STORED DATA:

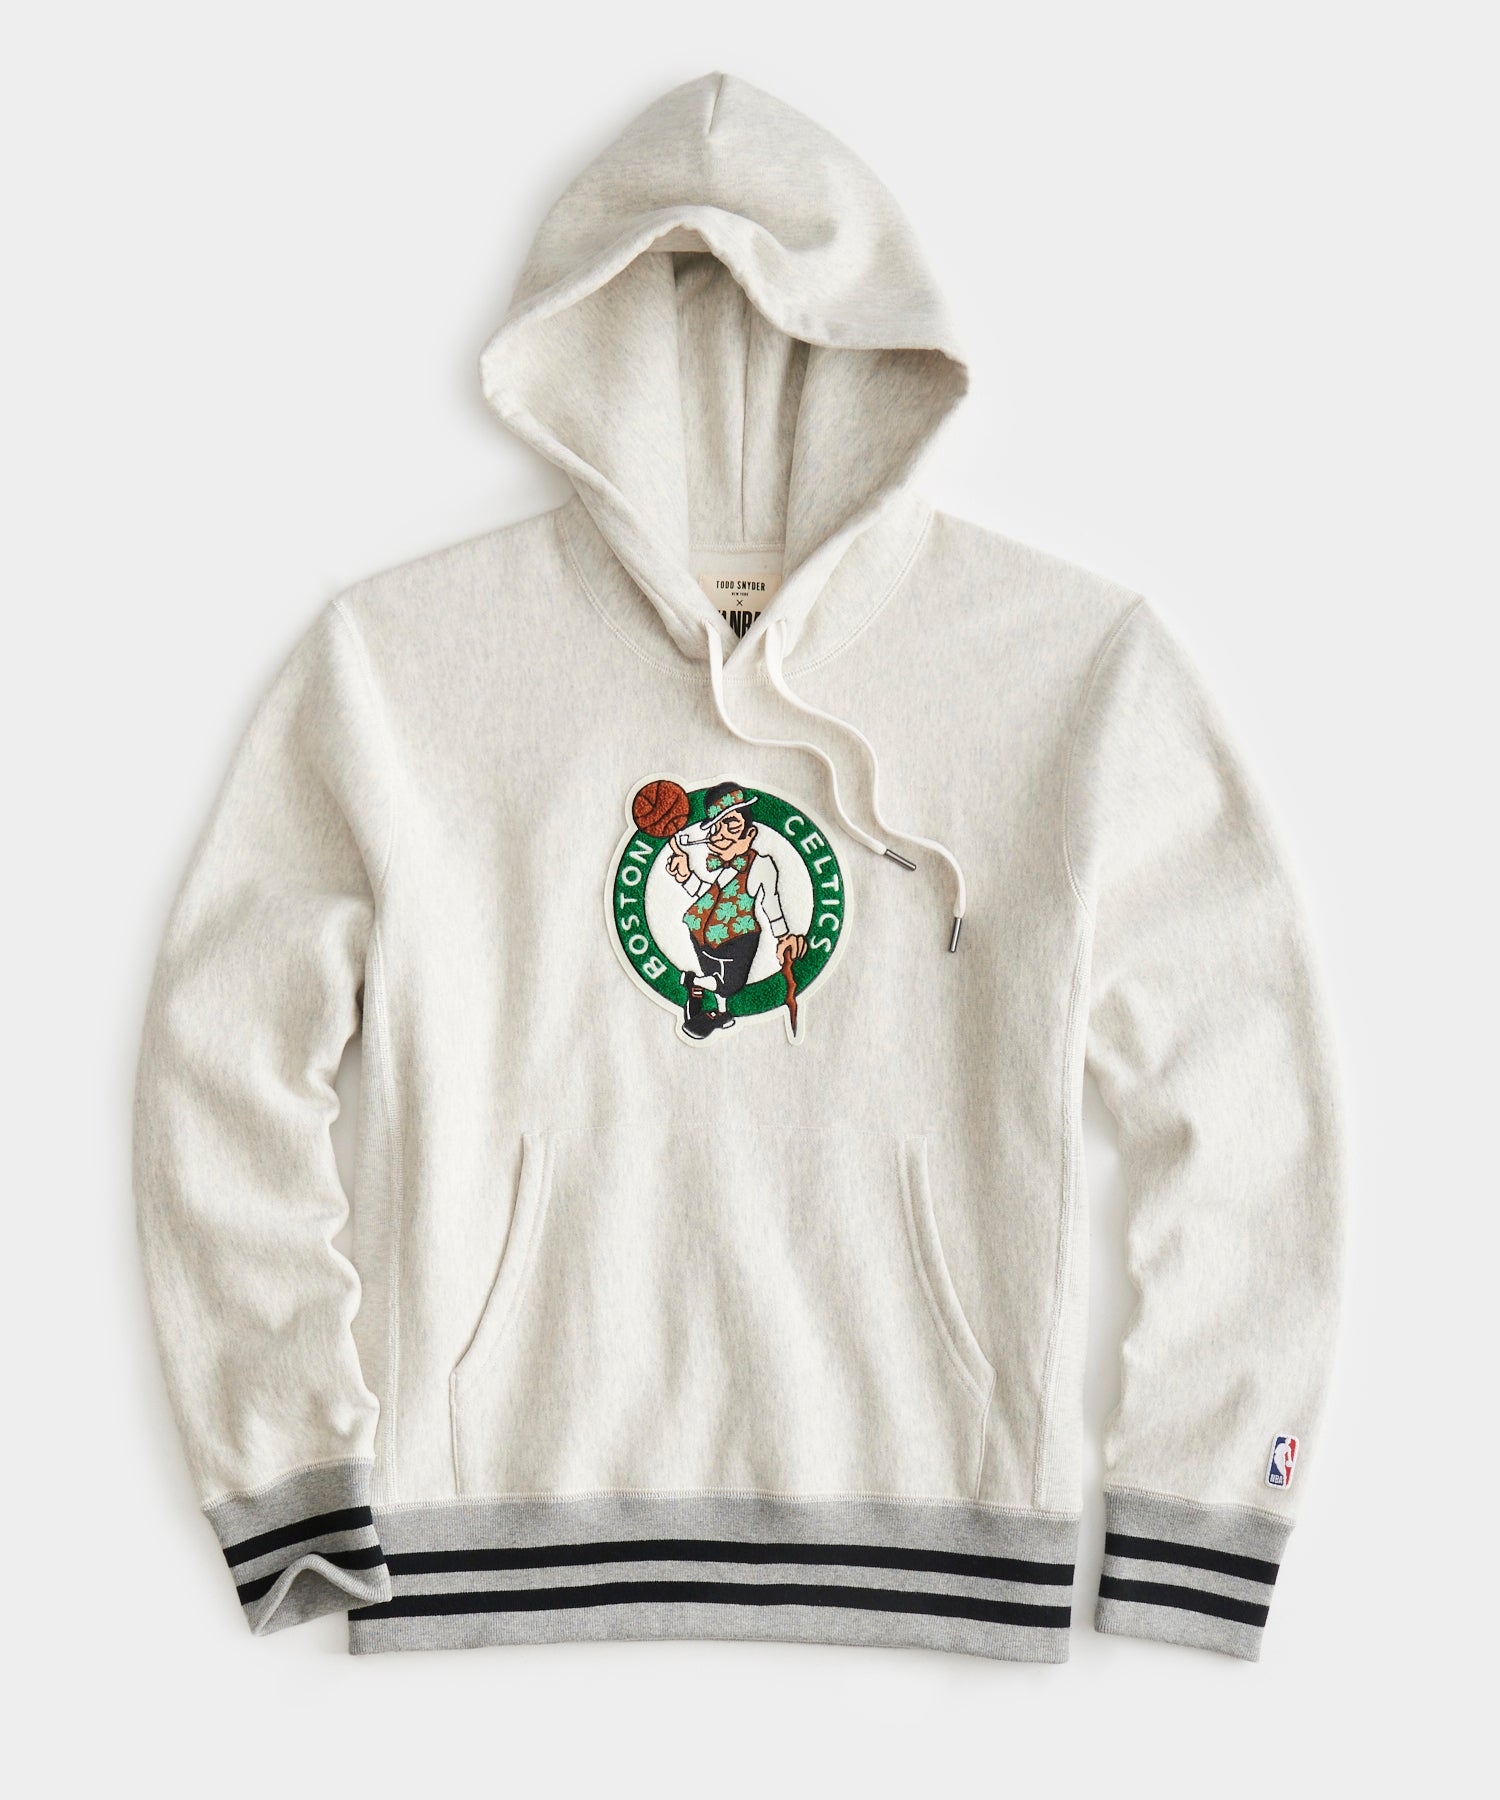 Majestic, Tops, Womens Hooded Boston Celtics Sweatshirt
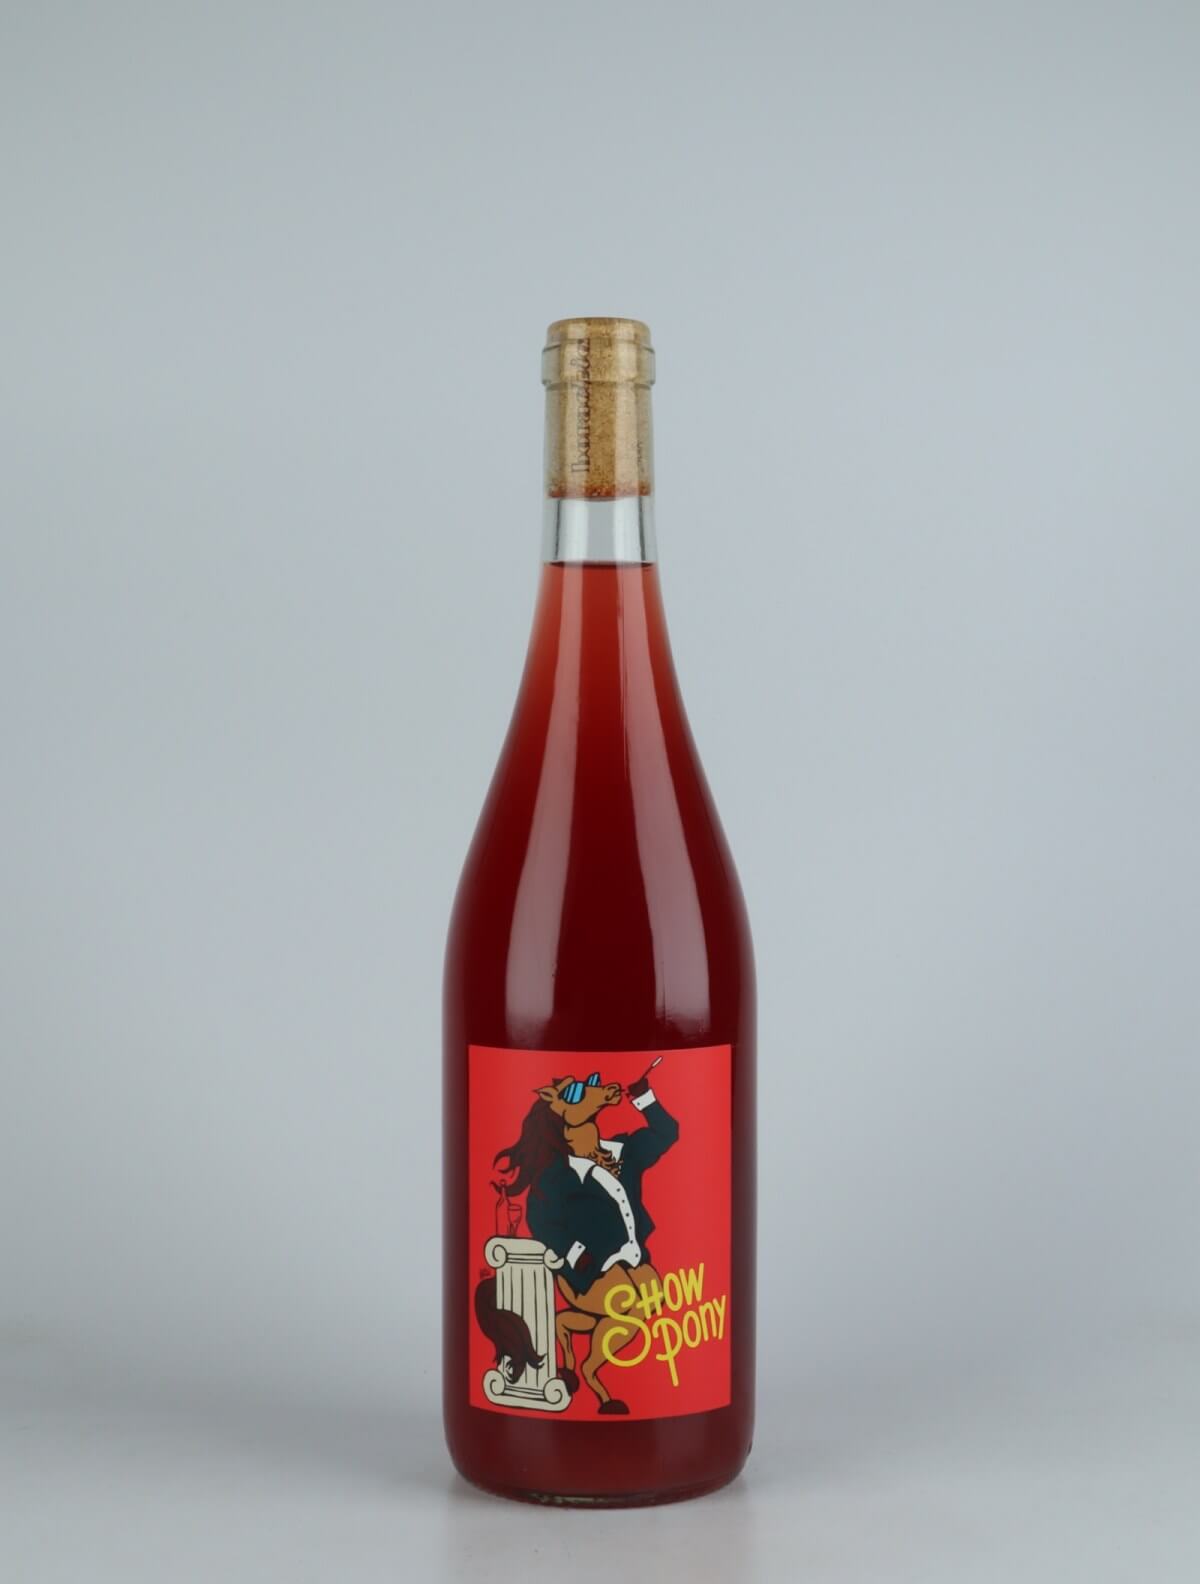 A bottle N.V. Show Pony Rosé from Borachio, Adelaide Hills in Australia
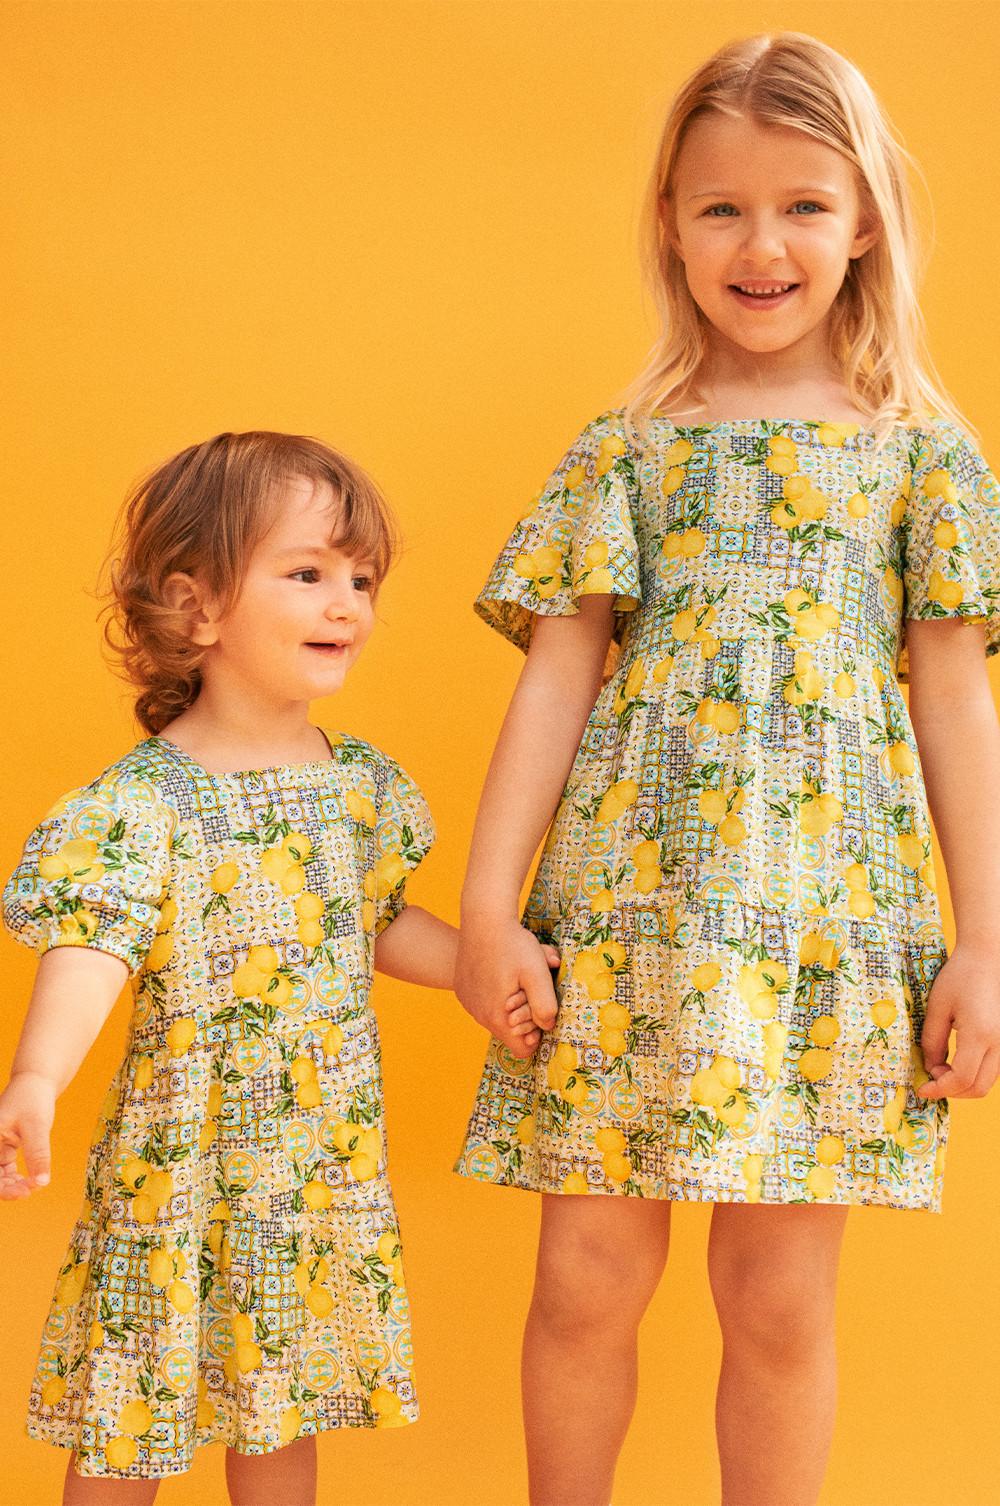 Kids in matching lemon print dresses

YOUR OBJECTIVE: Give again the lines from the line that contains "A bottle N.V." through the last line of the material above, exactly and with both ends included. Omit the pictures.

EXPECTED ANSWER:
 A bottle N.V. Show Pony Rosé from Borachio, Adelaide Hills in Australia
 Kids in matching lemon print dresses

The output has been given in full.